THE NIGHT WE TOOK DOWN THE POWER LINES IN CALIFORNIA
DATELINE–The Western States
I dreamt that the world we live in was being reduced to a towering grid.
The ground was still thick with moist grass, the loam was fertile underneath, but the area all around us was divided up, suddenly, as if by force of earthquake, into tiny, square towers of land. It was as if the world had become a video game grid: we were all Q-Bert; cyborganic chess squares.
These ever-expanding circuits of land left people in a panic, jumping with both legs from one narrow patch of refuge to another. The air was filled with the sounds of a dozen languages all struggling to communicate simple but impolite intentions. A quiet river rushed through this apocalyptic world of earth toothpicks. Then the constant movement of individuals hopping across yawning gaps, standing anxiously atop narrow confines, speaking in their native tongue to no one in particular (save, perhaps, their own and only gods) began to take on an almost nationalistic order.
I could sense that groups of especially motivated jumpers were calling out to one another and occupying squares in conjunction, as would armies. They began forcing stragglers out of their way. They were becoming a brutal wave of movement.
Being forced off the ground, finally, by the spread of one particularly noisy Japanese technology company, I wondered what would happen to the local cultures that once settled and developed at their own pace across the great, undivided expanse of our natural geographies. Would they, too, be forced to leap into the ether only to barely miss the edge of their next destination, falling blindly into an unknown river of time? That was my fate and I recall that the waters underneath had no temperature of their own but were, nonetheless, crystal clear.
After struggling to shore in a land that resembled the Vietnam I’ve come to know in Hollywood pictures, I set upon a retroactive effort (I was dreaming, after all) to keep this land from being divided out of existence, geometric piece by piece. I gave a stirring speech in a brightly-lit auditorium to what seemed like a crowd of multi-colored Olympic athletes. I talked about this and that, but, in the end, when the meeting had been adjourned, I confessed to my dispersing audience that what was really necessary in order to prevent another apocalypse of vertically extruded and horizontally colonized grids of land was some semblance of cultural homogeneity.
I WAS DRIFTING OUT OF SLEEP AT THE TIME. I knew that homogeneity had to be some sort of a symbol or stand-in for a world where people not only understand one another’s habits and tendencies but also adopt some of the same for their adaptation to an ever-changing environment. What I have come to realize is that the future of this planet and its human inhabitants is tied up with the life of border towns all over the world and throughout history. In short, the Global Village is nothing but a border town, filled with all the strife, all the noise and all the special perks of border towns elsewhere; places like Tijuana, Berlin, Jerusalem, Hong Kong, Miami, Morocco and Los Angeles.

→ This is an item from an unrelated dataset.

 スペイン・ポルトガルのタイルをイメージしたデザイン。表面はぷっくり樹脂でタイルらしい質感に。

WE NO LONGER NEED TO “MAKE A RUN FOR THE BORDER” as the border has already made a run for us, to us and at us.
WHEN I AWOKE THIS MORNING, THE POWER HAD BEEN RESTORED to California. The lines are back up. According to a spokesman for Pacific Gas and Electric (PG&E), power companies learned a valuable lesson from the total blackout which paralyzed New York City over two decades ago. Were such a catastrophe to occur today, as it did yesterday, power would no longer have to be restored to the entire grid all at once. Instead, certain subdivisions (there are 18 per local zone) would have power restored almost immediately whereas others in the same community would have to wait an indefinite period of time. Last night, half of my city block had power, the other half did not.

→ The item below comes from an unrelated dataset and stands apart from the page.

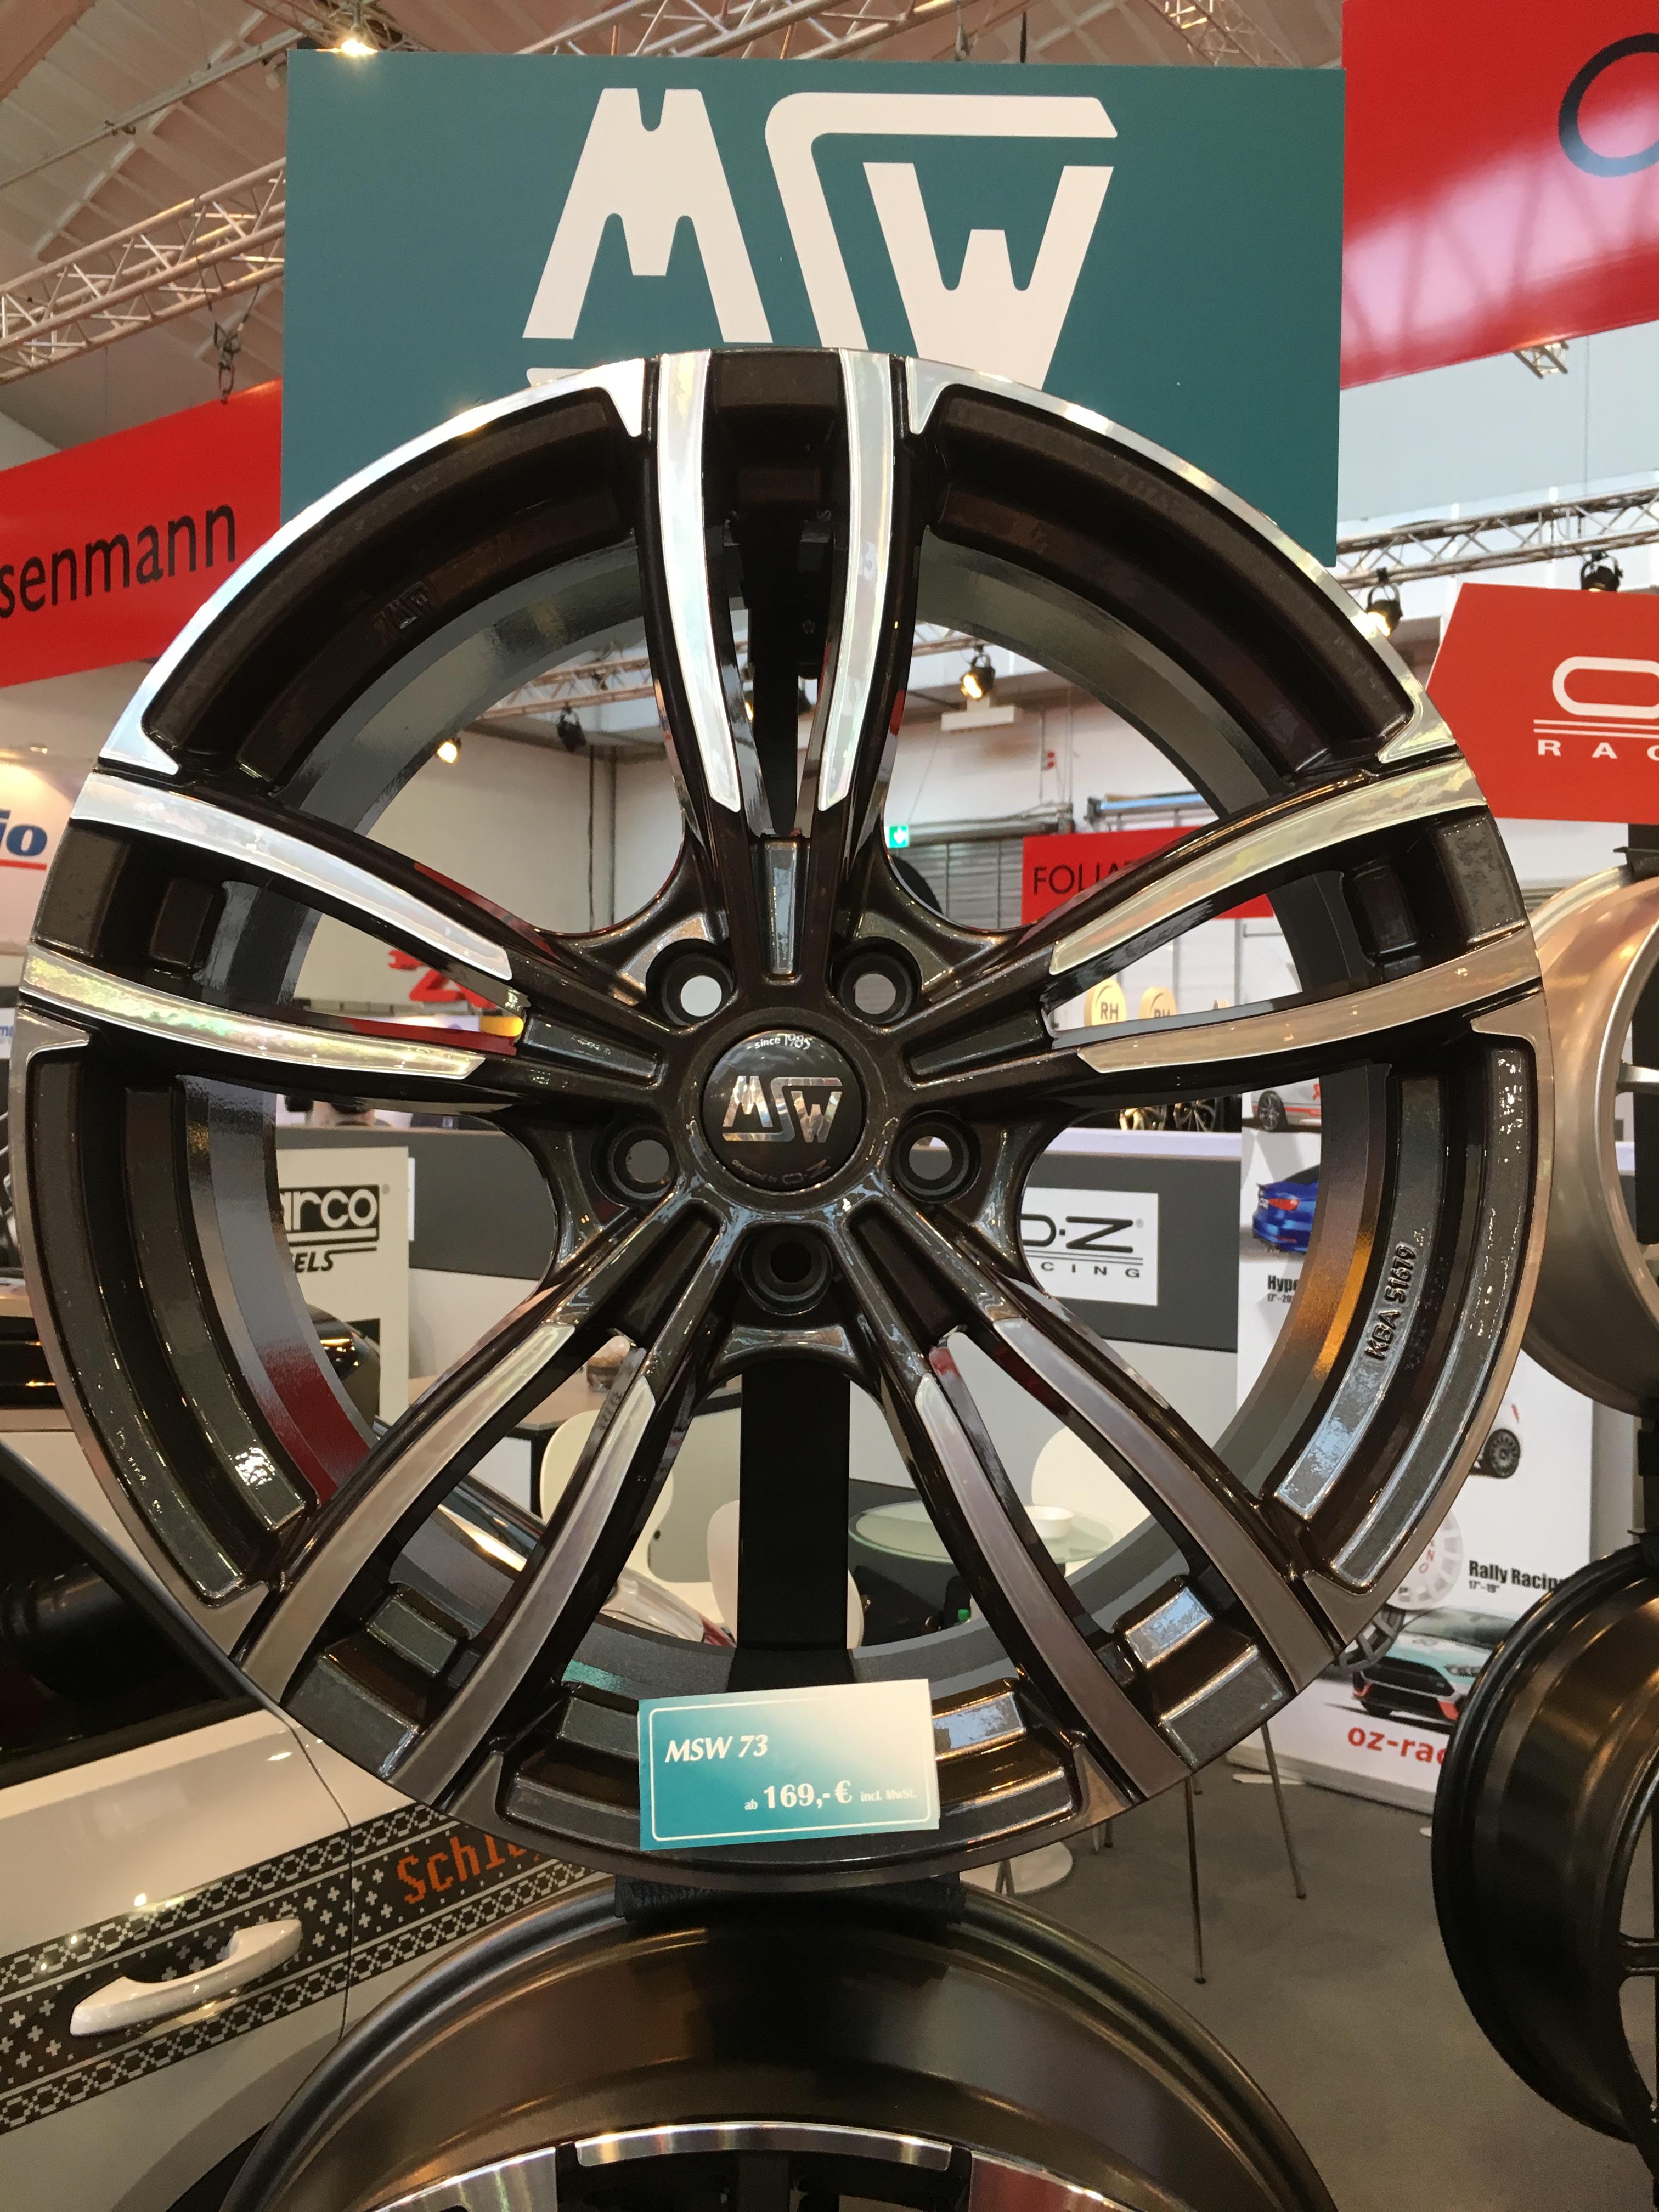 Radhersteller OZ erweitert seine Linie MSW um das Design 73

WE, TOO, HAVE A VALUABLE LESSON TO LEARN from yesterday’s blackout. However, our lesson will not be derived from the suddenly silent absence of power, but rather, from its equally subtle reappearance. For a brief interval of timeless time and formless space, the lines of power which constitute the invisible geometry of our daily experiences came into focus; briefly, they drew themselves out into the darkness of night, the bright contours of our increasingly grid-like society.

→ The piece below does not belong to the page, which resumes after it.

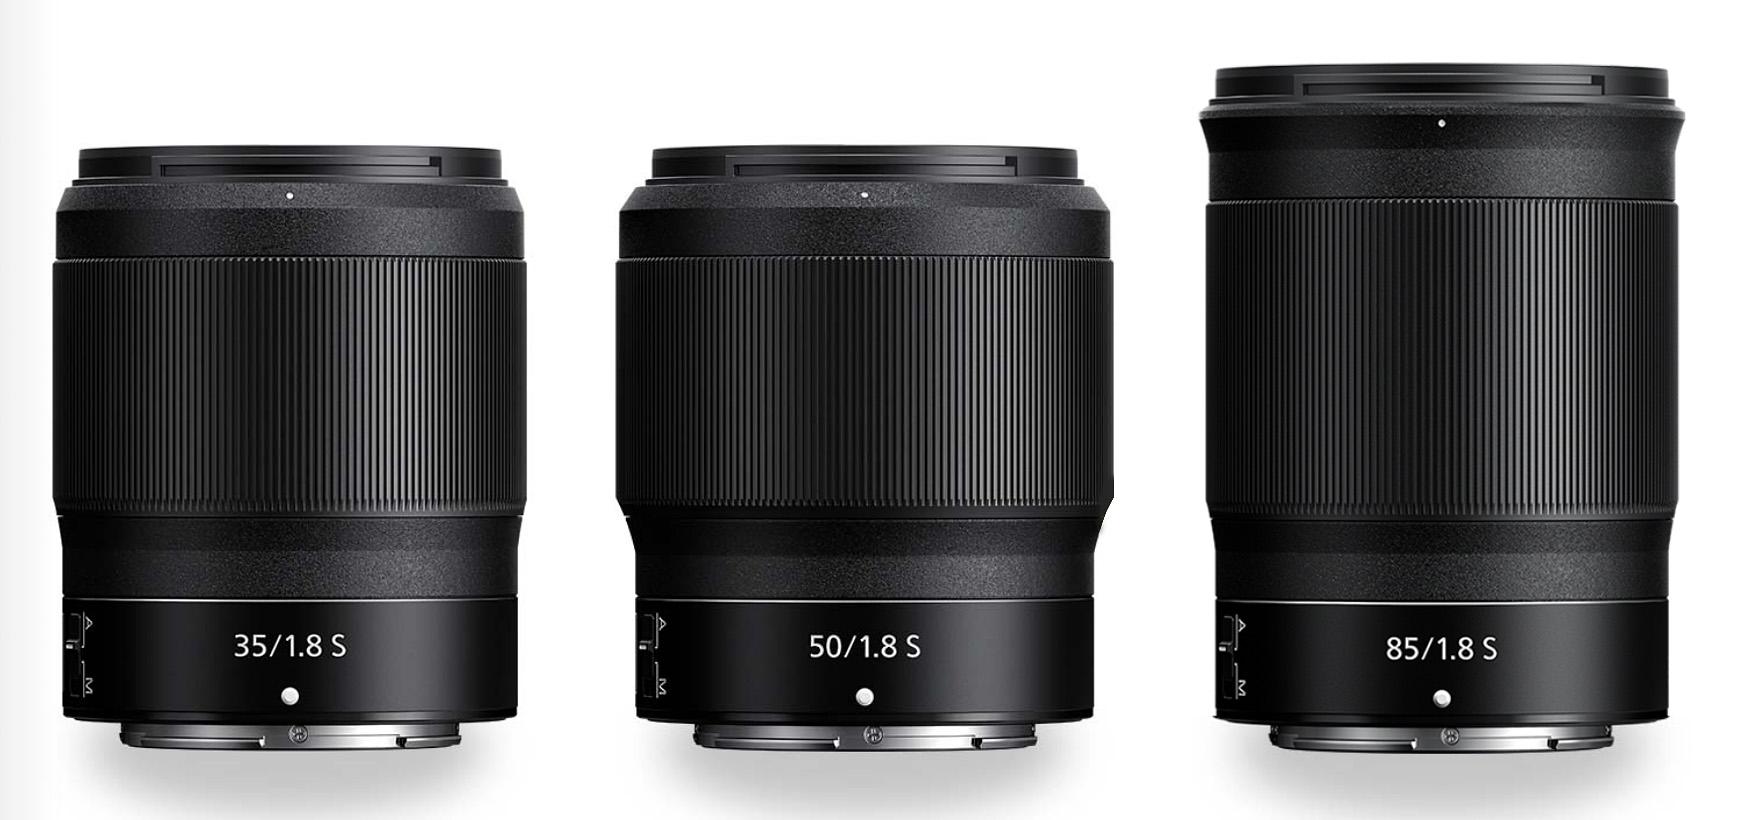 Porovnání velikostí: Nikkor Z 35 mm f/1,8 S, Z 50 mm f/1,8 S a Z 85 mm f/1,8 S

WHAT SECRET ORDER COULD BE DISCERNED from their meandering approach – why was this streetlight off but the next one on?
WE LIVE IN A THOROUGHLY ELECTRIFIED WORLD. We surround ourselves with the sounds of machines left to their own devices. Lights flicker and buzz, refrigerators purr and, sometimes, groan. Telex terminals dispatch information, ATM’s dispense both good fortune and poverty. Yesterday, we took down the power lines in California and for almost eight hours, the world we live in relaxed its shoulders and put down its heavy hands.